Vocabulary management for domain experts and business users with metaphactory

This blog post introduces metaphactory's vocabulary management features, which extend the platform's knowledge modeling capabilities and support knowledge graph experts, domain experts and business users in creating and editing SKOS vocabularies to capture business-relevant terms. We'll start out by defining what vocabularies are and looking at the use cases they can serve. Then, we'll look at specific vocabulary management features supported in metaphactory. Finally, we'll look at a specific use case and integrate an existing thesaurus into metaphactory and use the platform's semantic structured search component to explore terms and to connect data through relations between entities.

What is a Vocabulary?

To put it briefly, a vocabulary is a collection of terms organized in a (hierarchical) classification scheme. A term could include preferred and alternative labels and has a defined scope or describes a specific domain. The most common examples of different types of vocabularies are thesauri, taxonomies, terminologies, glossaries, classification schemes, and subject headings.

Need for Vocabularies

Vocabularies are used in a variety of contexts and can serve various purposes. Let's look at a few examples of using vocabularies in practice. Imagine you are a data scientist in the pharma domain and are working on a project where you or your end users need to be able to:

  • Build categorizations and classifications of terms such as genes, proteins, diseases, viruses, symptoms, living organisms, etc.
  • Tag particular data contents or data resources such as research papers, case studies, lab reports, web pages, images, blog posts with these terms as related terms, in order to give a base for recommendation and to promote the interoperability and relations between those tagged data resources.
  • Search for information about a protein and narrow down your search to a specific species, organ, or other facet of the subject.
  • Search multilingually and expand your search to synonyms or alternative labels when looking for information about a specific disease.
  • Use related terms and auto-suggestion when searching for information.
  • Organize internal knowledge that needs to be re-used and shared within or outside of your organization in a controlled manner and make sure that it doesn't create confusion when working within and across different disciplines, for example, when a particular term is used in different ways or different terms are used for similar things.
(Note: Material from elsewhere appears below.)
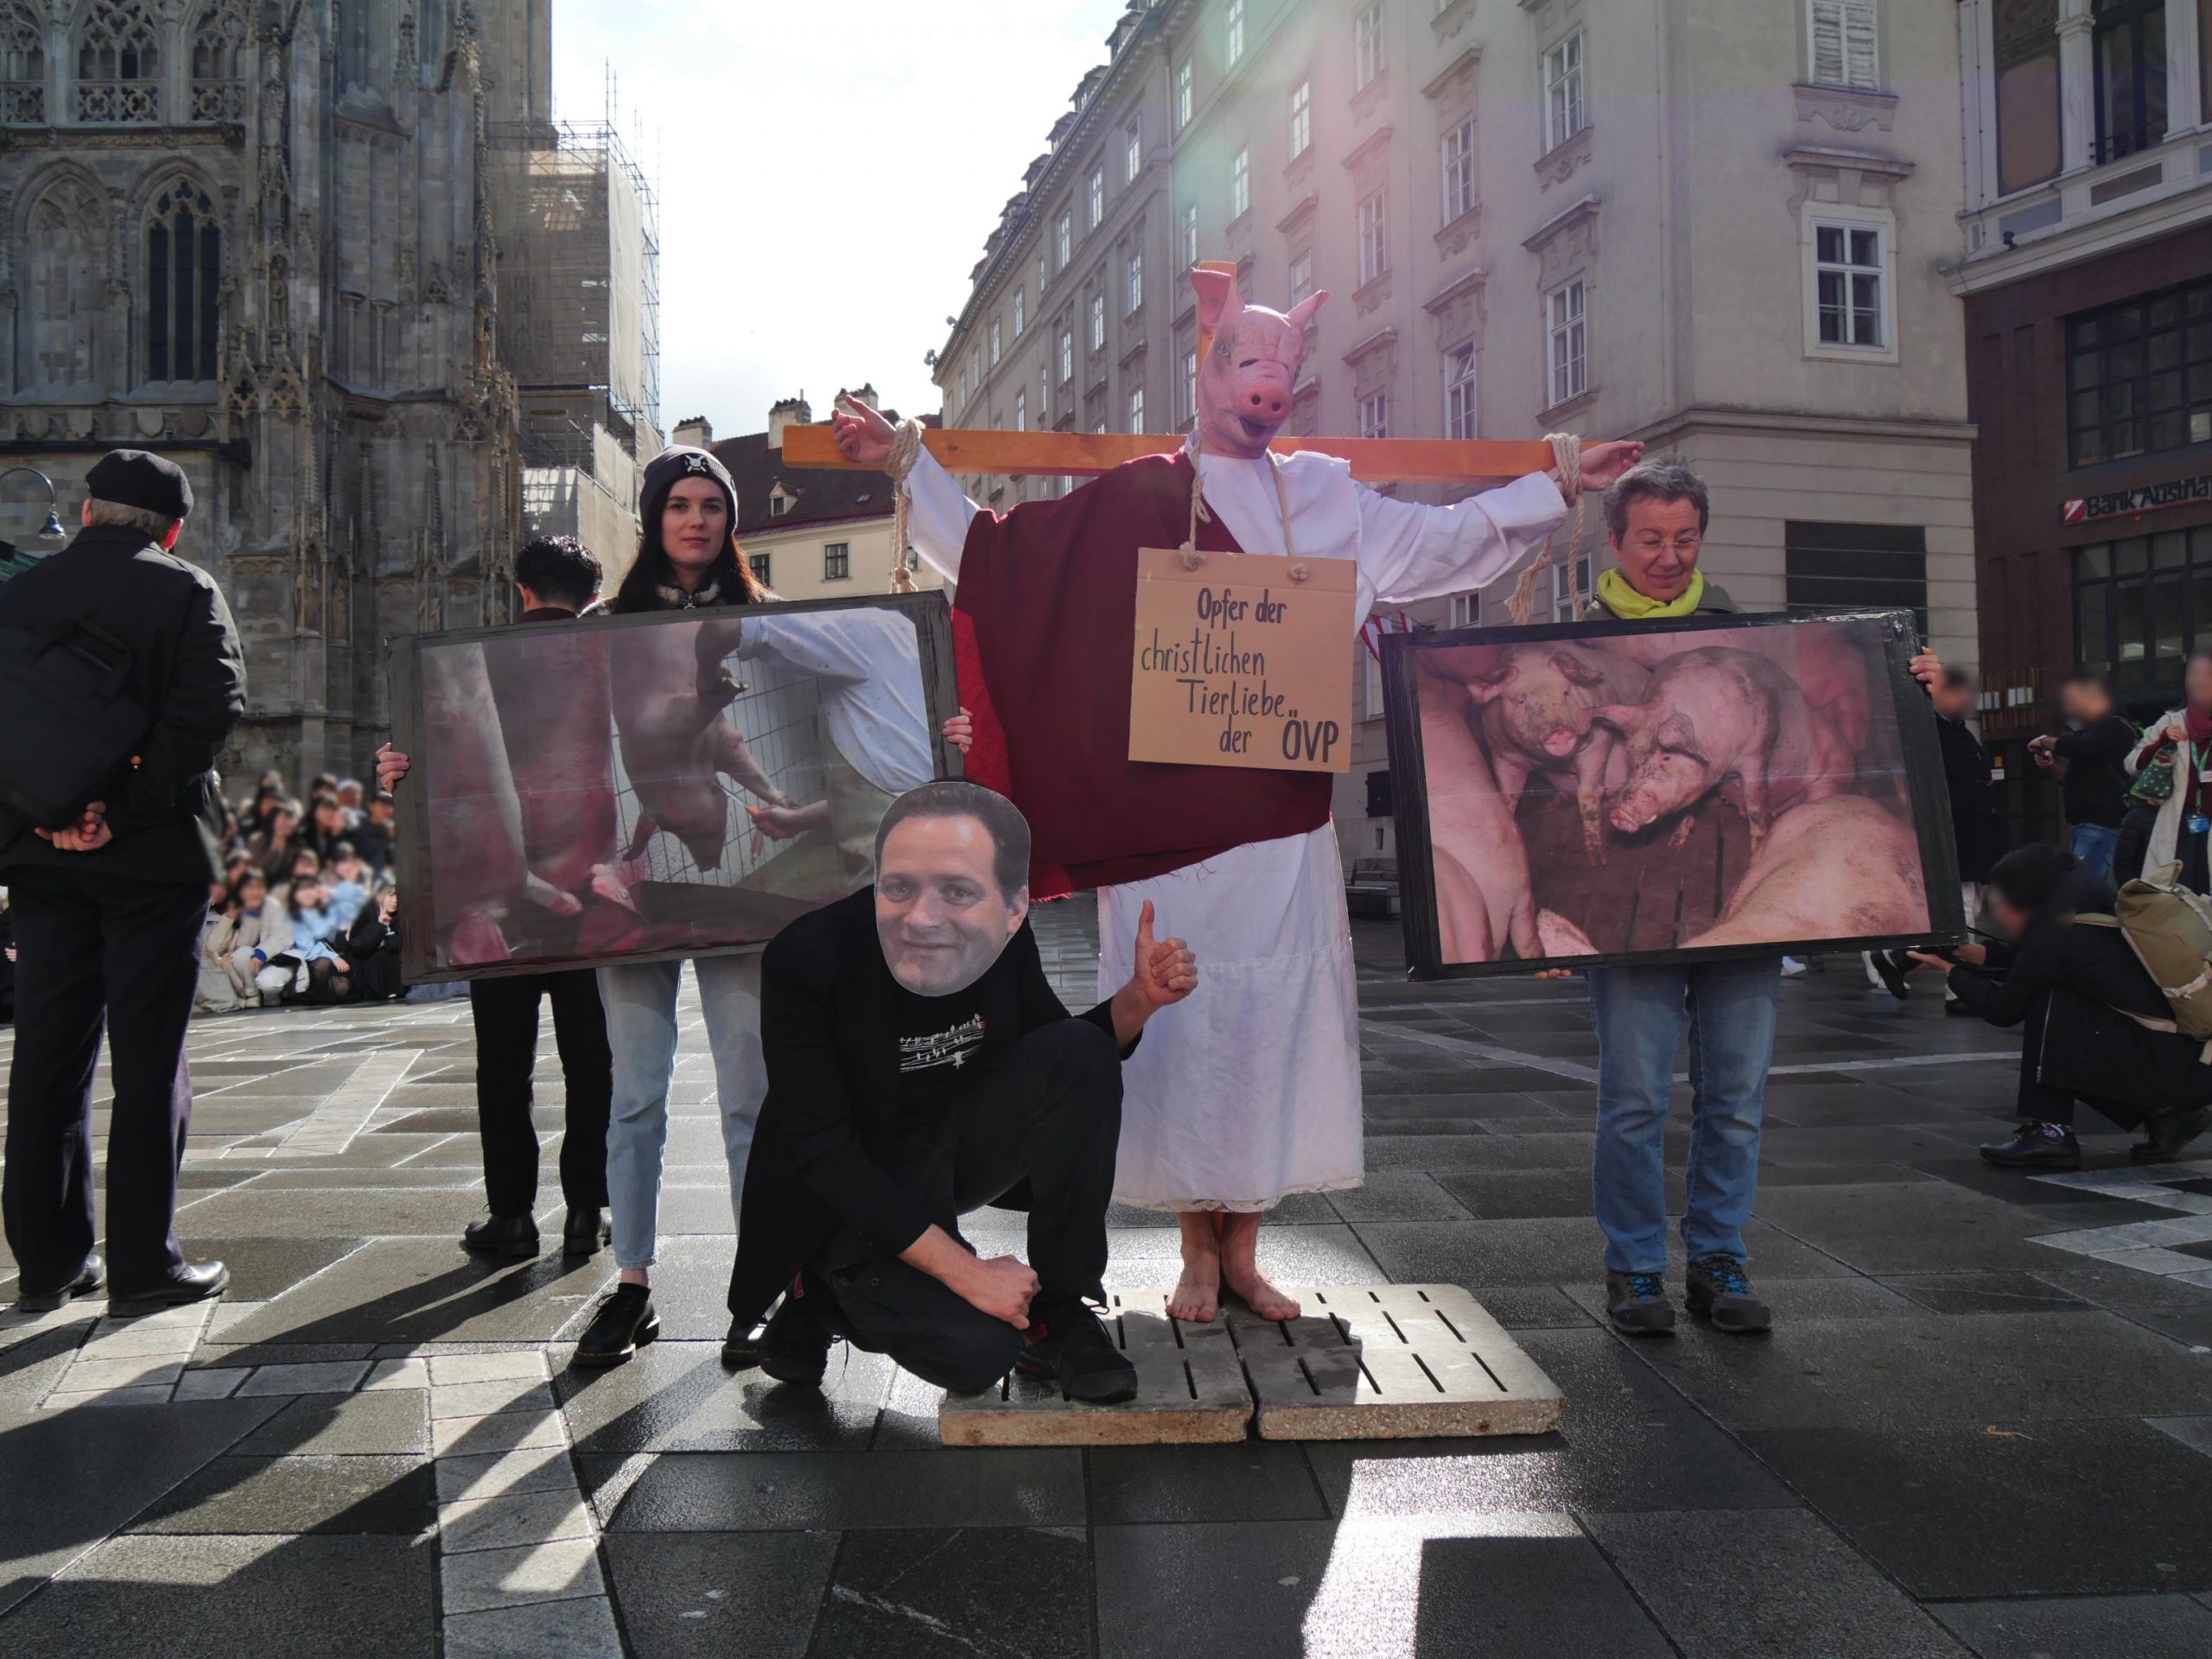 aktion zum gründonnerstag in wien: aktivist mit totschnig-maske kreuzigt schwein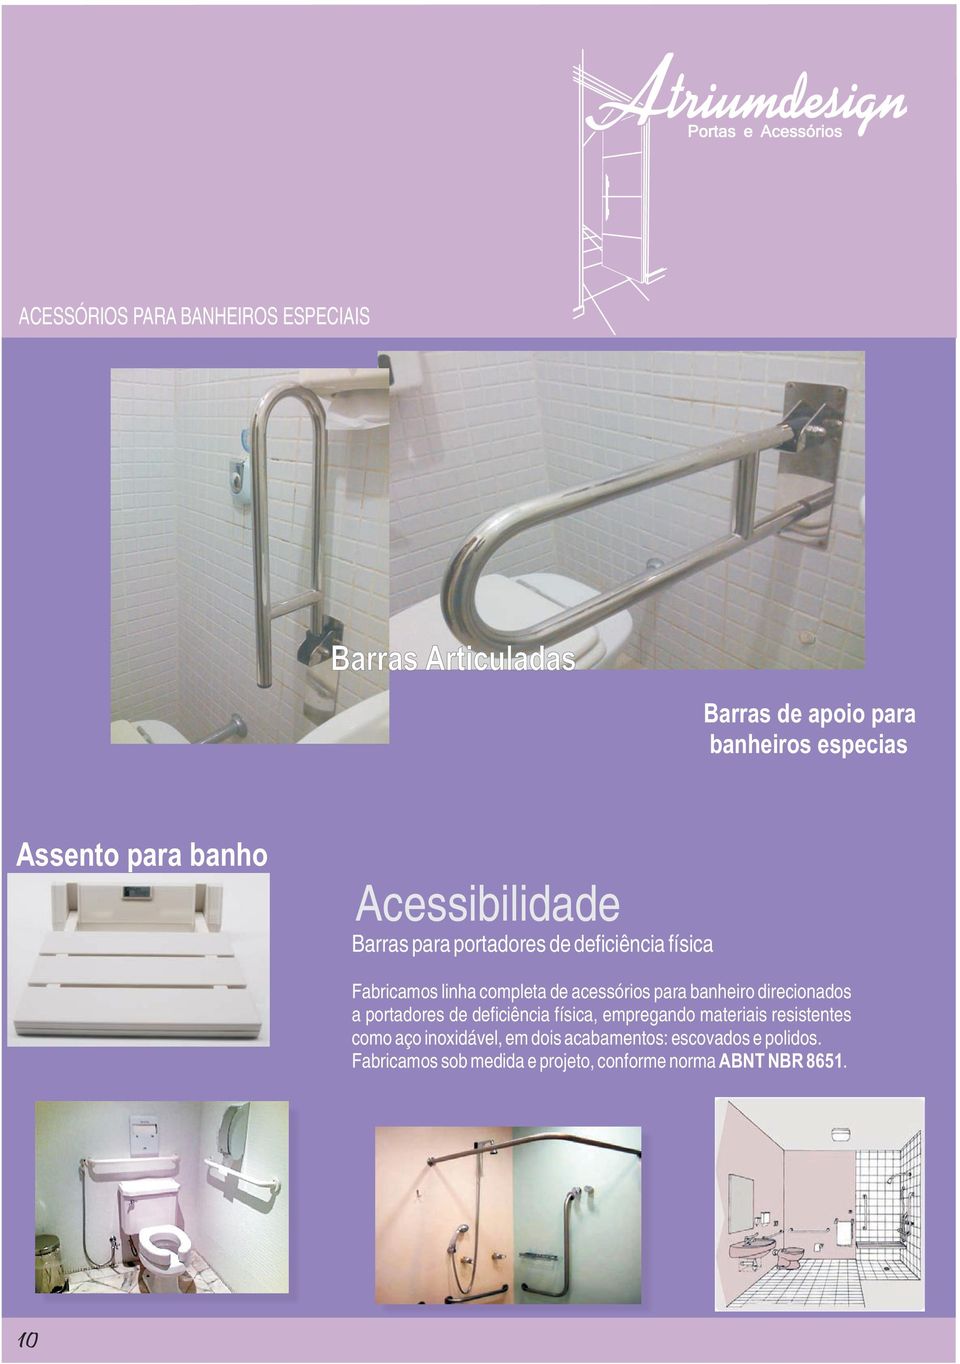 para banheiro direcionados a portadores de deficiência física, empregando materiais resistentes como aço

Because they allow for defining a common terminology and hierarchical structure for terms within a domain, vocabularies support all examples discussed above and help users find information faster, more reliably, and more effectively and communicate and collaborate across disciplines, departments, or organizations.

What exactly is Vocabulary Management?

In brief, vocabulary management refers to the design, development, implementation, and maintenance of such taxonomies, classification schemes, thesauri, metadata, and glossaries. It also implies the process of keeping vocabularies in line with changes in term usage and adopting best practices which are based on open standards and available to all users.

One practice for this is SKOS (Simple Knowledge Organization System). SKOS is based on RDF which allows the information to be passed between machines in an interoperable way. For more details, please see the informative guide on SKOS Primer.

 

Vocabulary Management with metaphactory

In metaphactory, we have adopted SKOS as our base model for vocabulary management and have implemented features such as vocabulary cataloging, versioning, and metadata editing capabilities. With these features, metaphactory allows customers to manage vocabularies in the knowledge graph itself, alongside instance data and other data assets (such as ontologies and data catalogs), and enhances knowledge democratization by supporting the modeling of domain-specific data in terms that domain experts and business users understand and can use for analysis and in answering critical business questions.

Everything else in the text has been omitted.